**WHAT IS REQUIRED**
Please reproduce the data exactly and omit the pictures.
*** MATERIAL PROVIDED ***
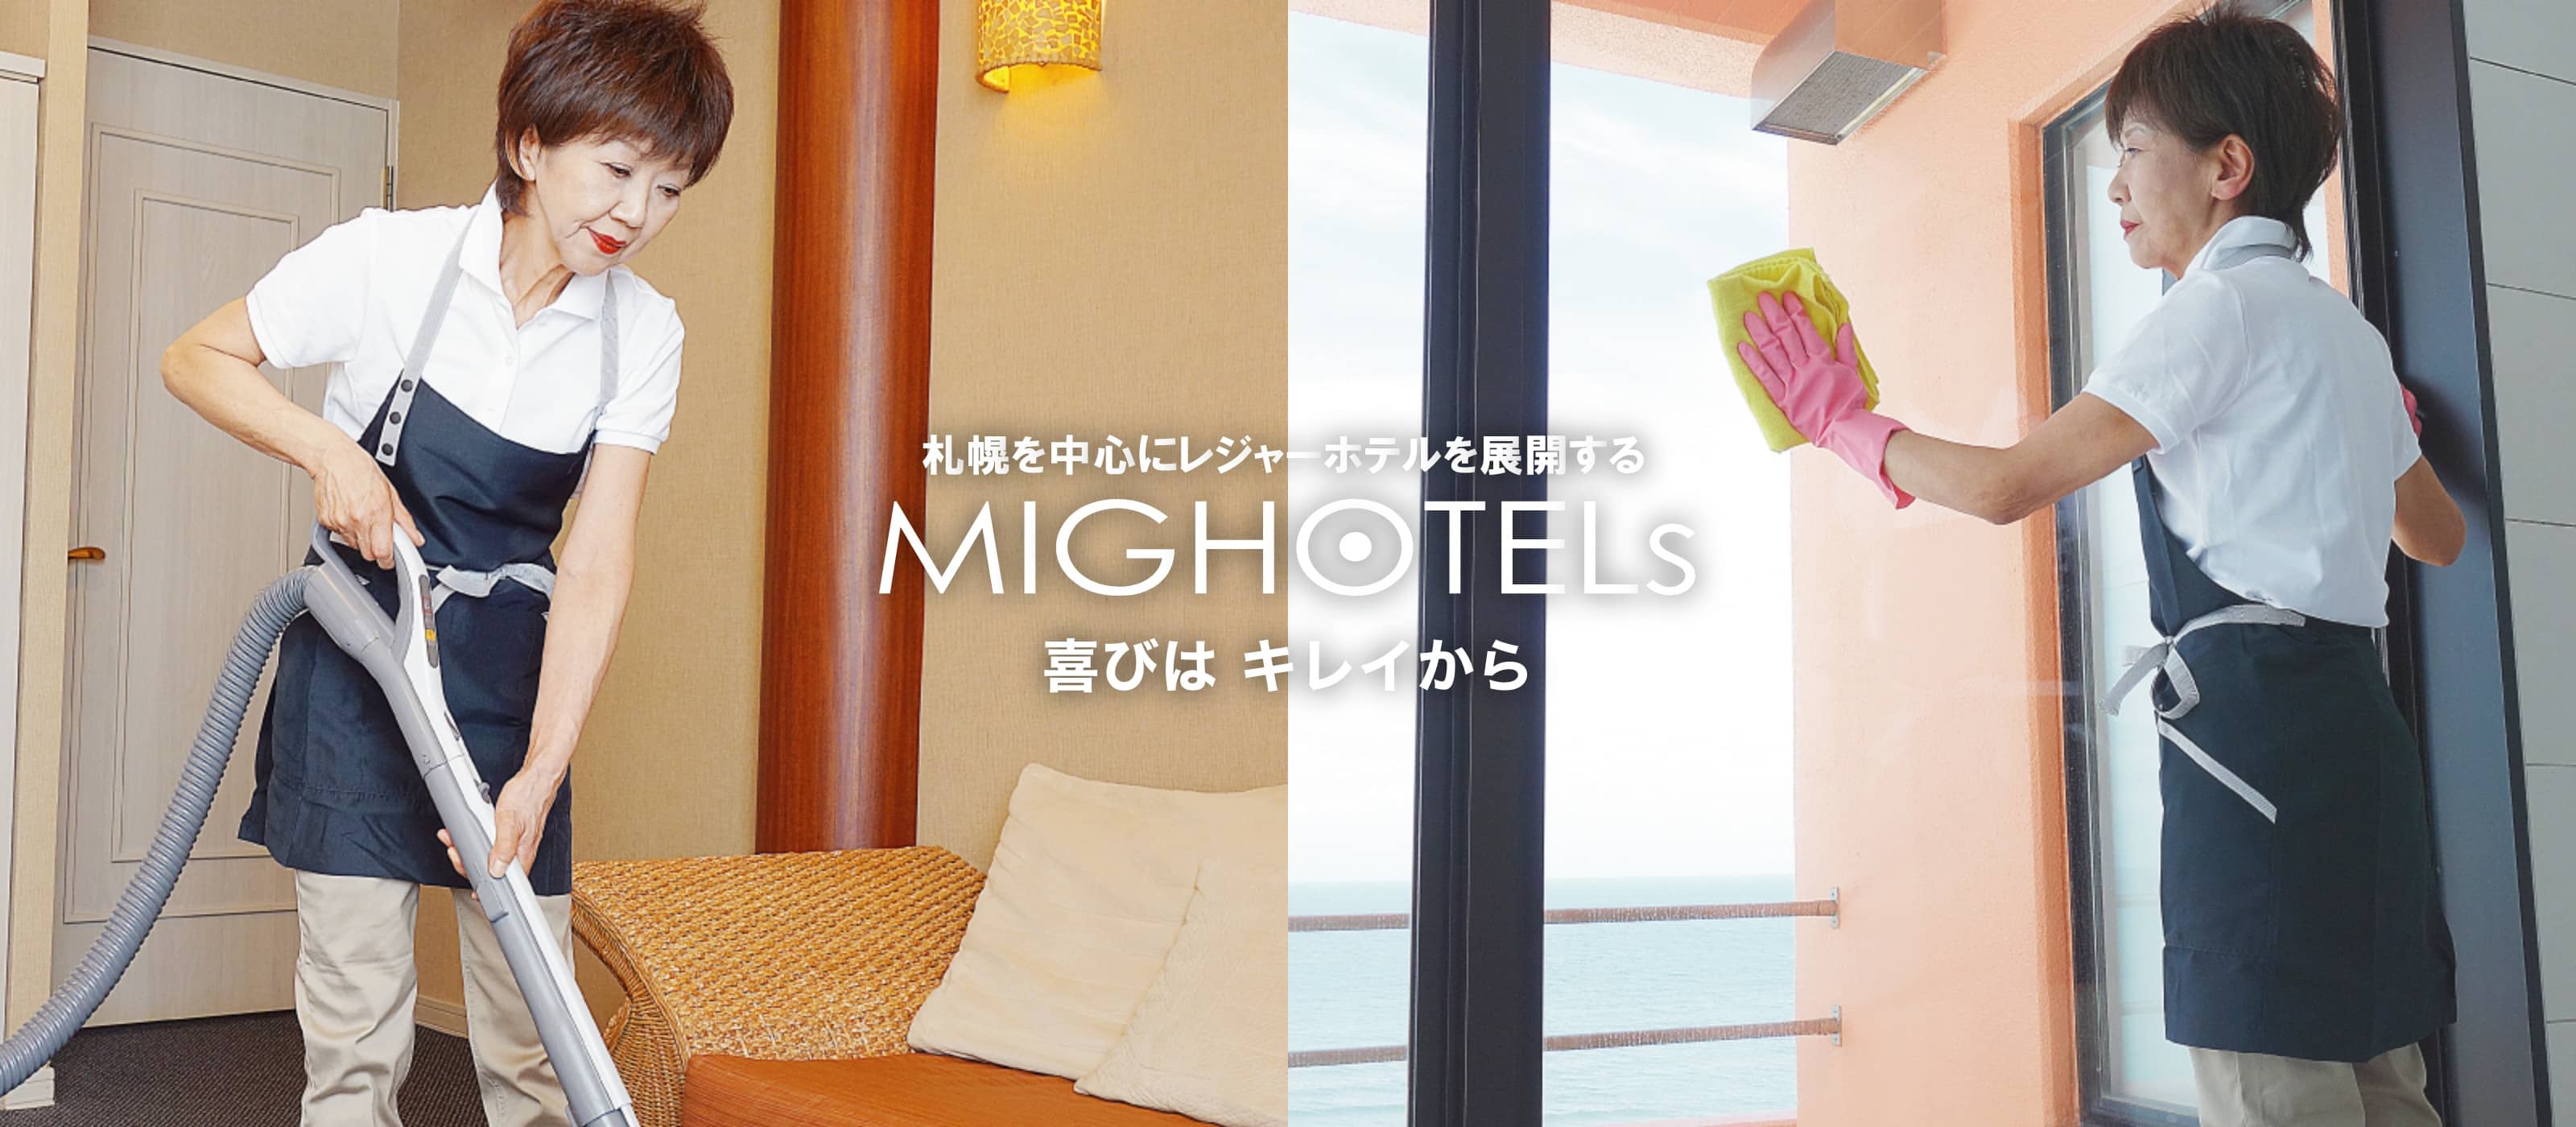 札幌を中心にレジャーホテルを展開する MIG HOTELs 喜びは キレイから
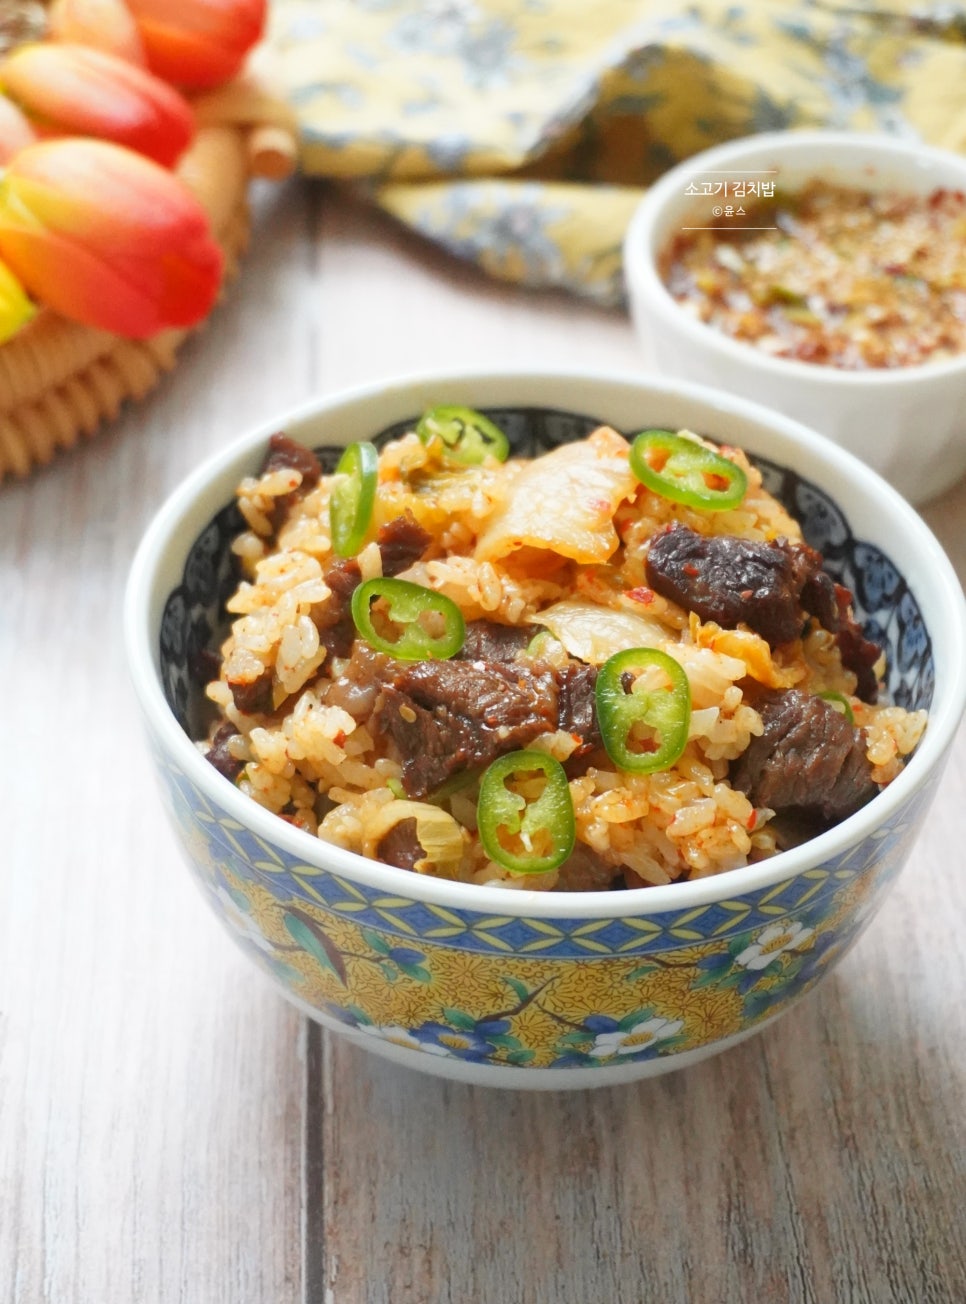 간장양념장 맛있게 김치밥 만드는 법 김치 소고기 솥밥 레시피
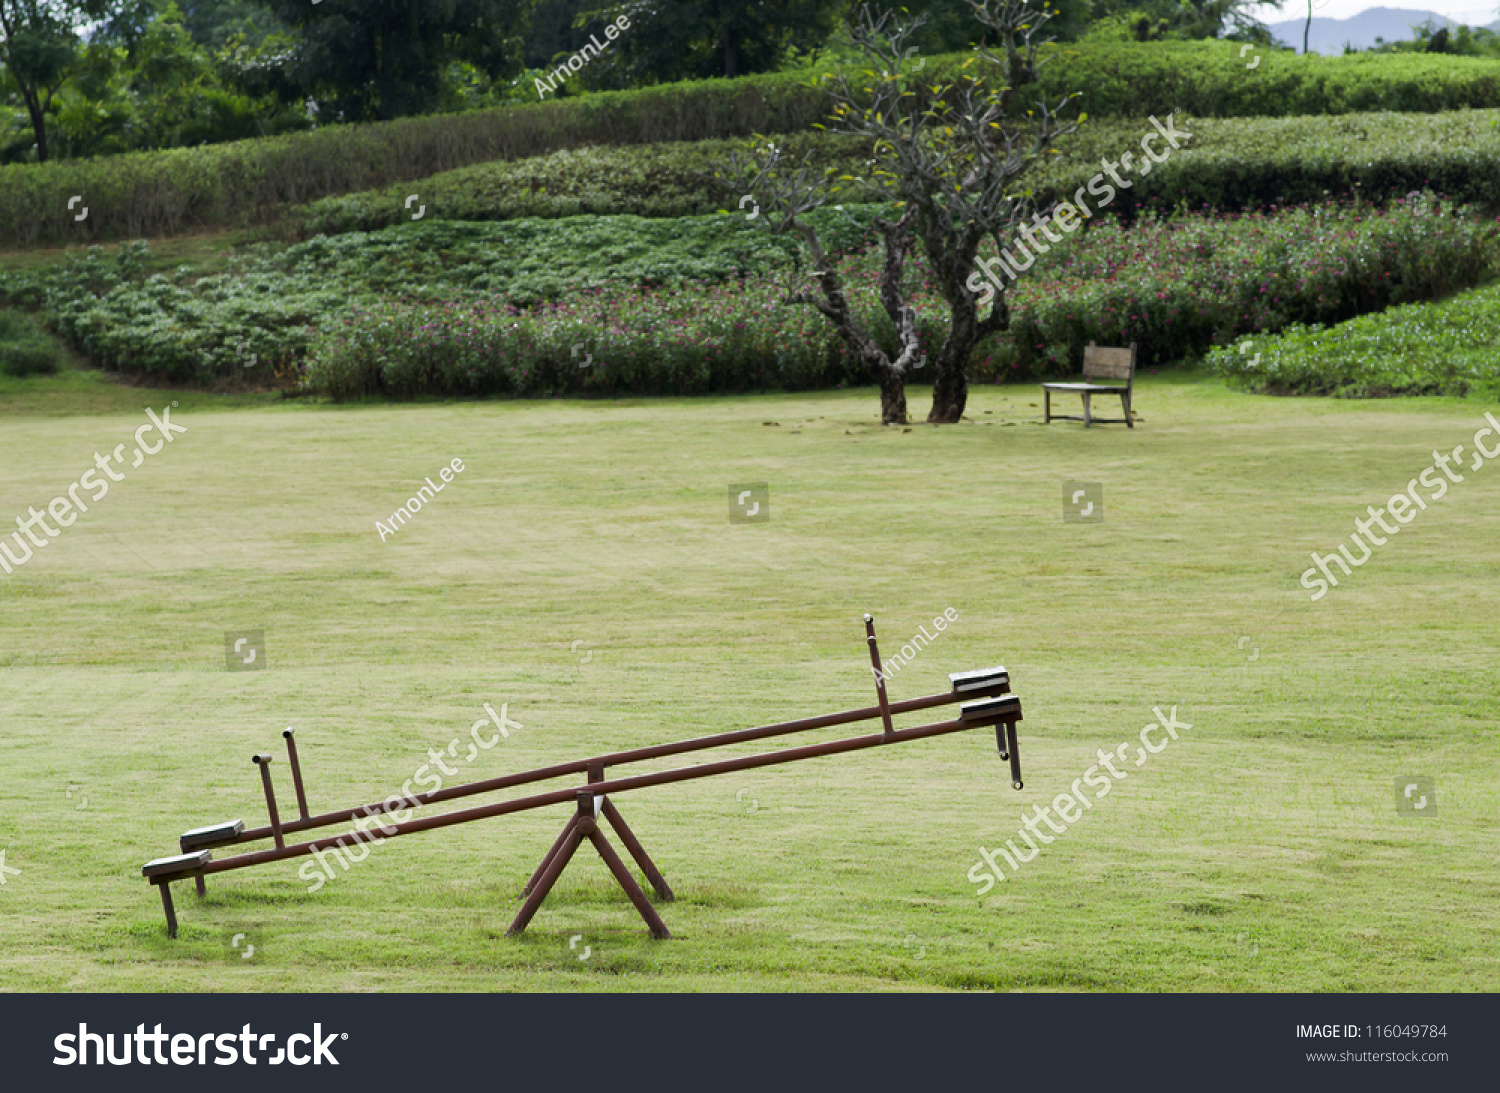 garden seesaw
*** End of MATERIAL PROVIDED ***
**REPLY**
 札幌を中心にレジャーホテルを展開する MIG HOTELs 喜びは キレイから
 간장양념장 맛있게 김치밥 만드는 법 김치 소고기 솥밥 레시피
 garden seesaw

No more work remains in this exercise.